Restate word for word the lines below from the one that has "#distressed" through the one that has "example of Poona", keeping both and dropping all pictures.

AVAILABLE DATA
---------------
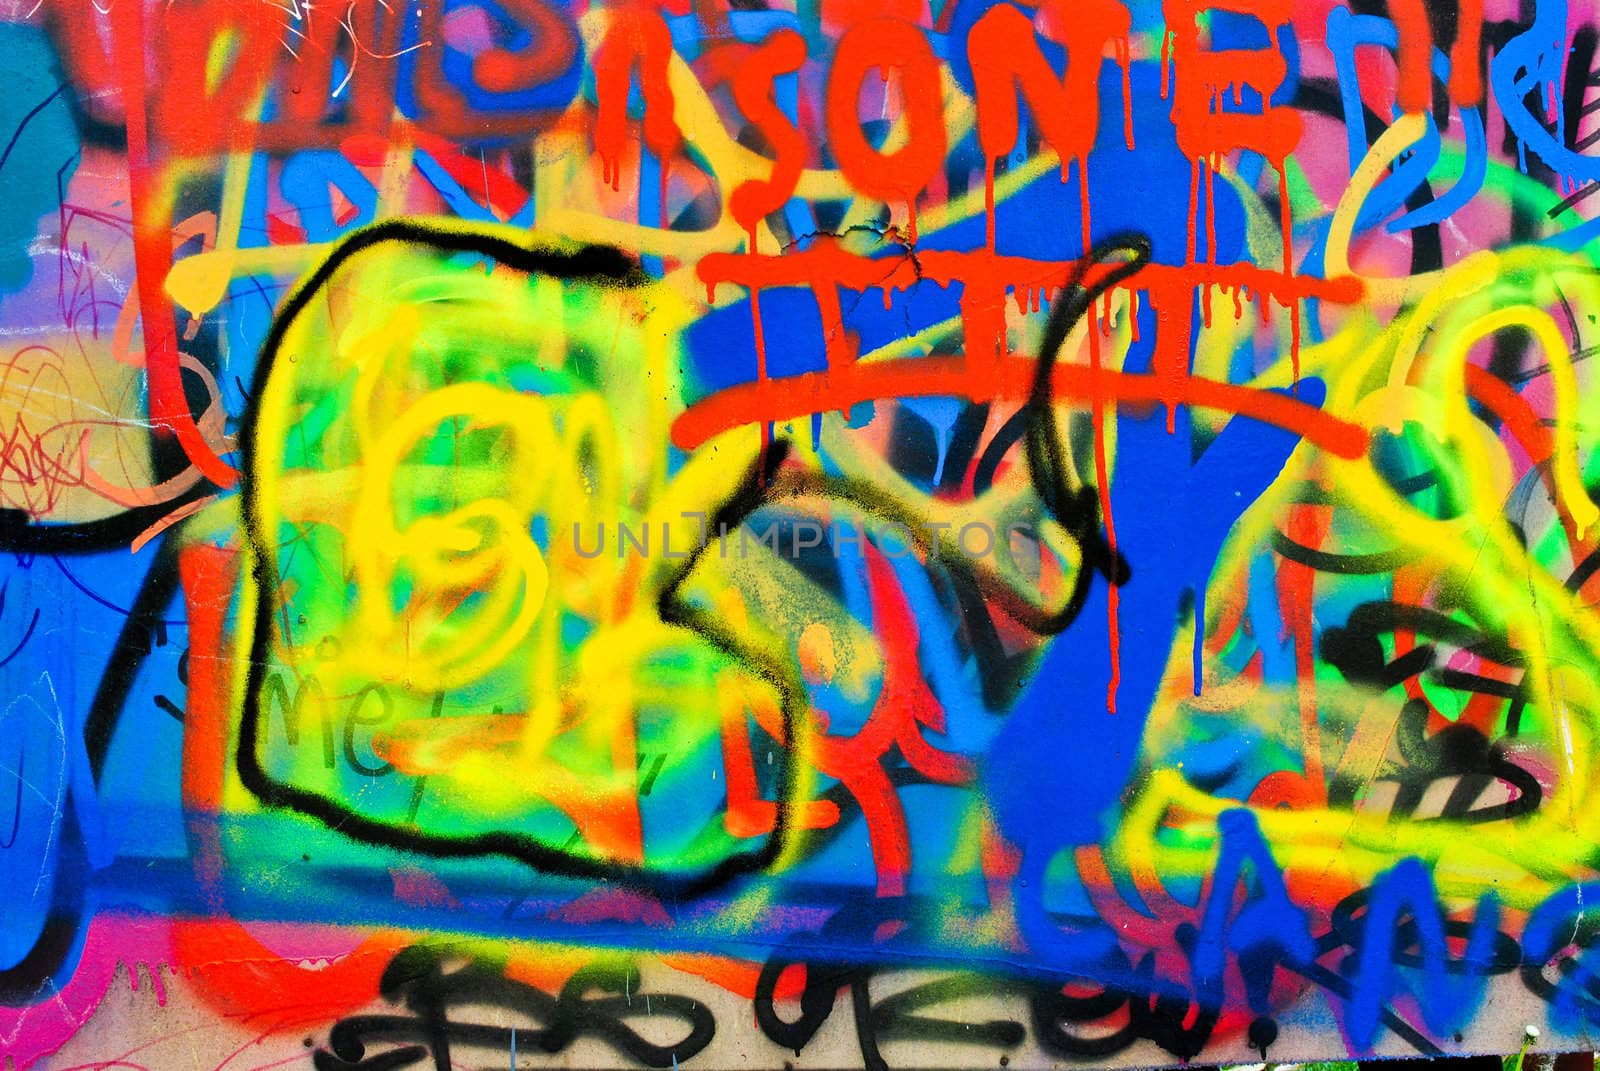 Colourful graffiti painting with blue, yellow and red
---------------
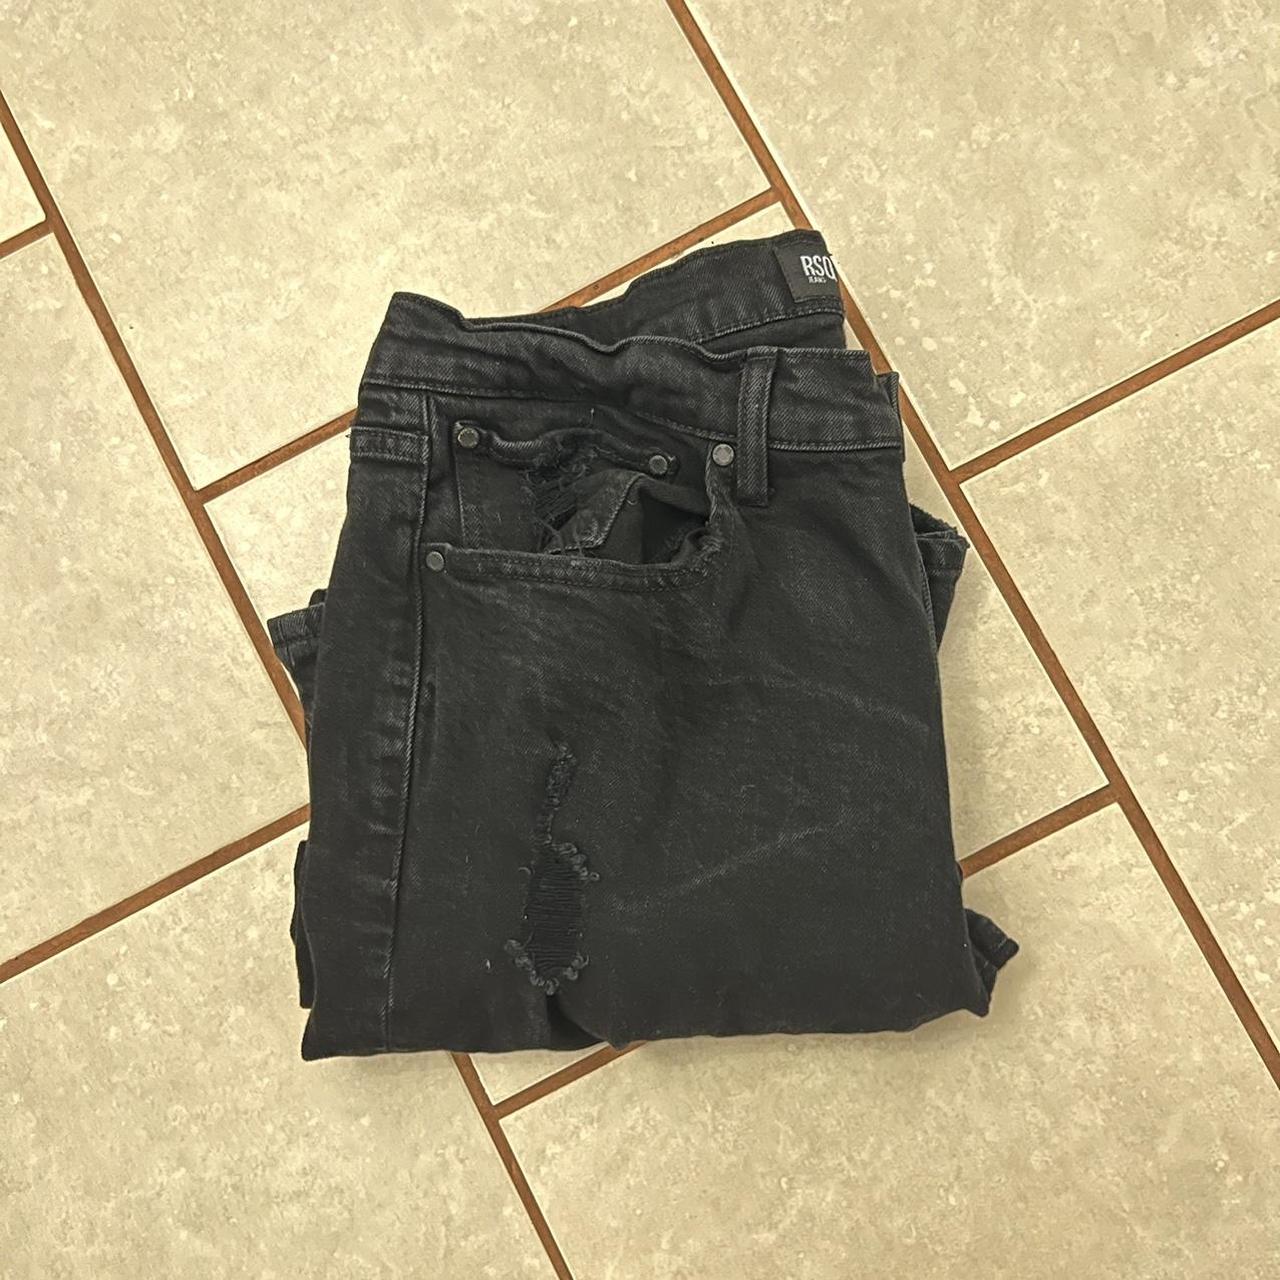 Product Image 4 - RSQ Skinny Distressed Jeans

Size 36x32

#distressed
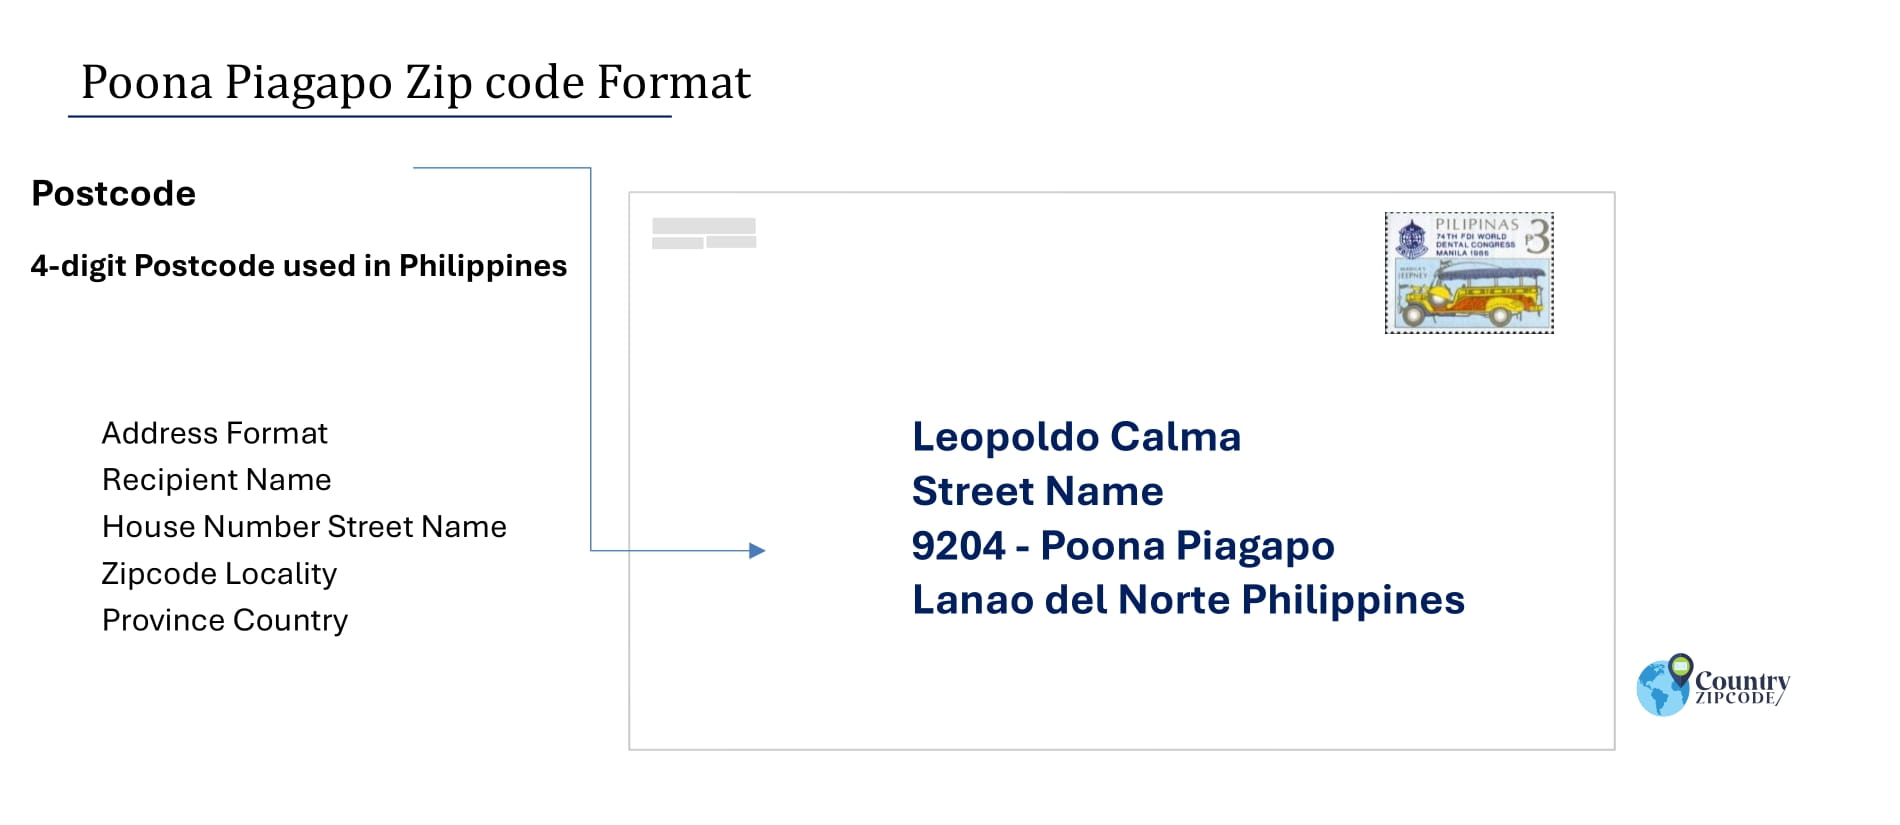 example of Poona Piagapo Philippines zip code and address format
---------------
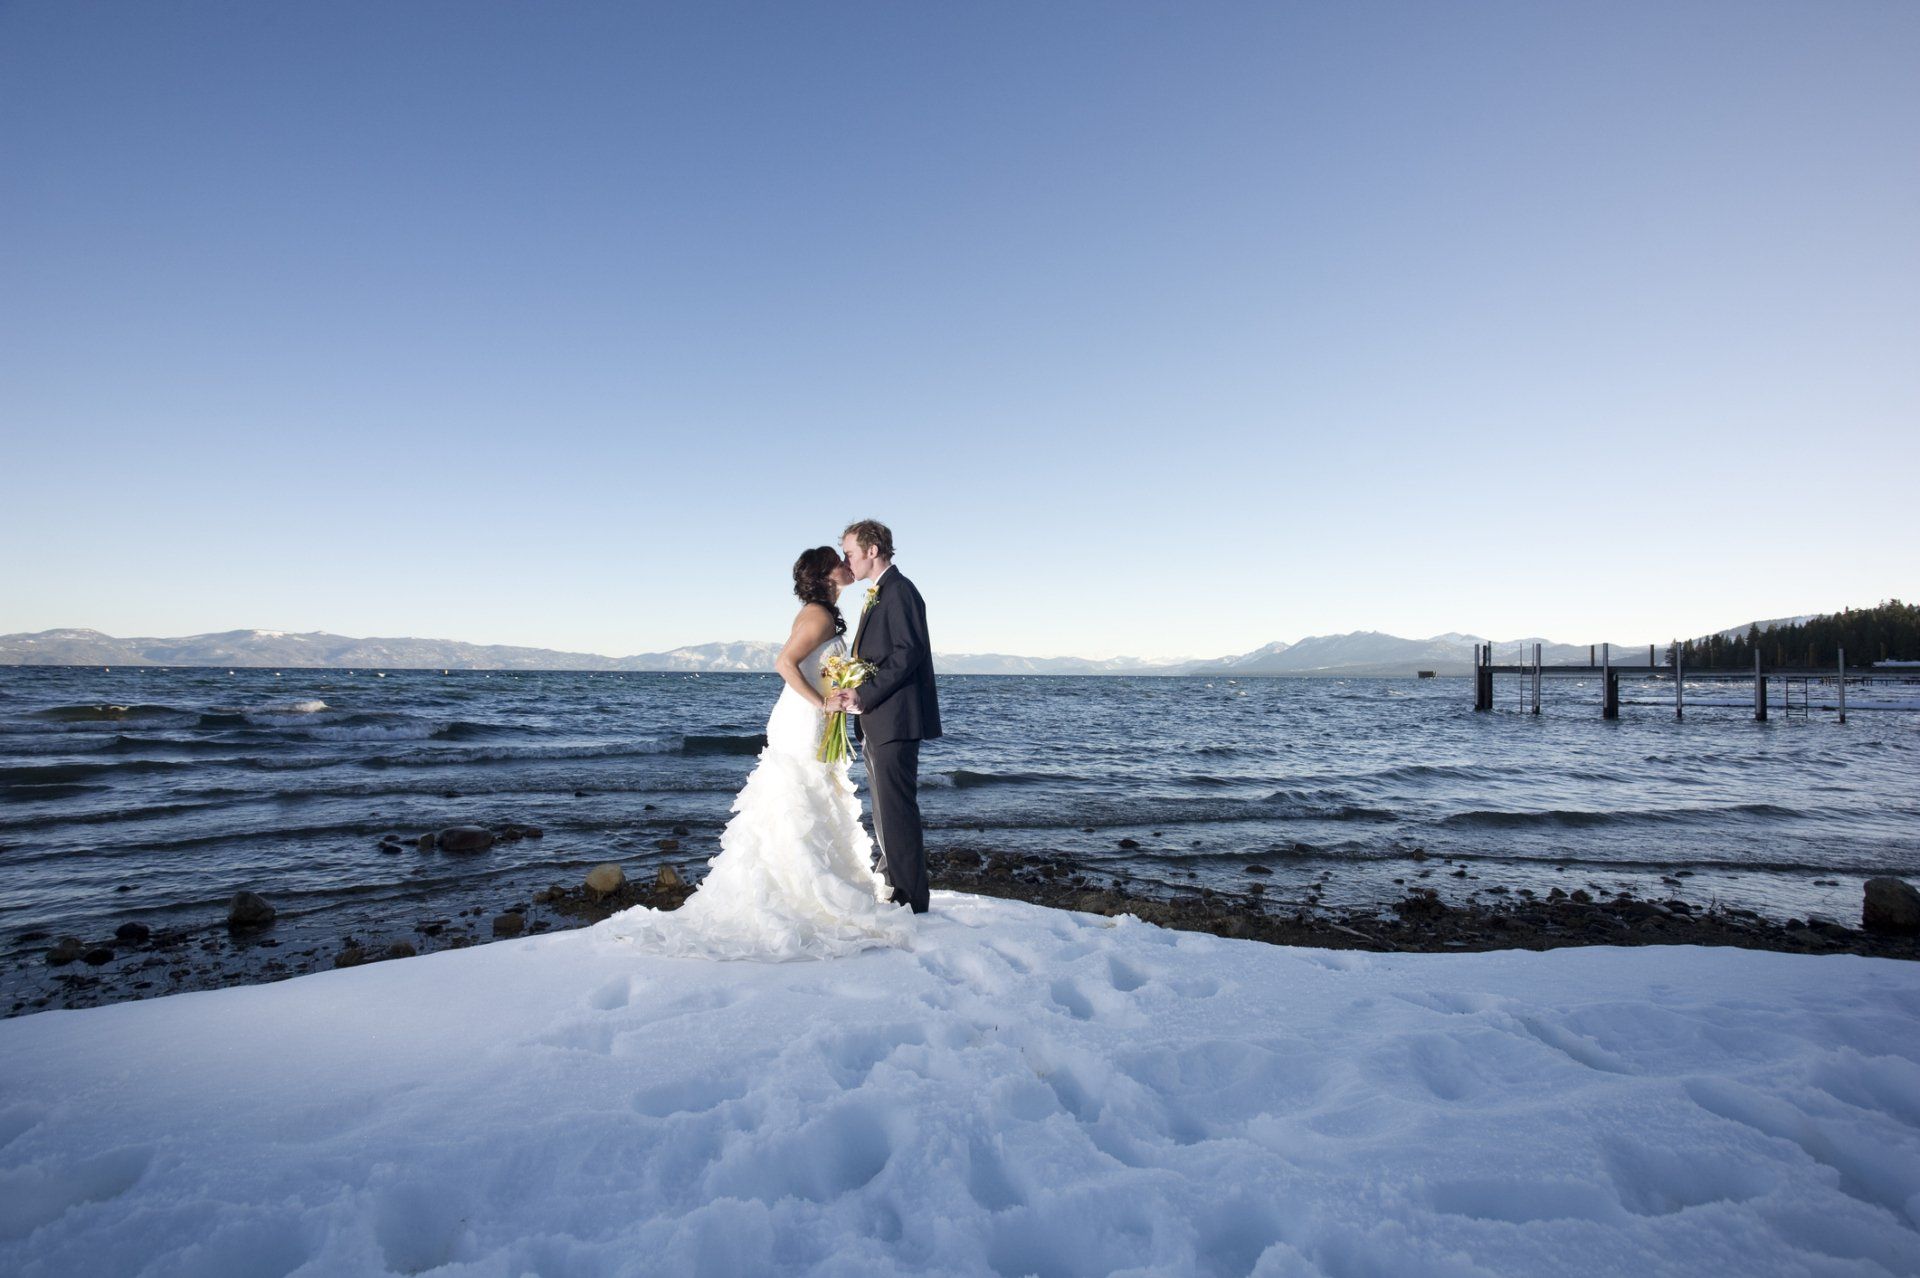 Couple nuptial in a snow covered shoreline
---------------
SOLUTION FOR THIS EXERCISE
#distressed
 example of Poona Piagapo Philippines zip code and address format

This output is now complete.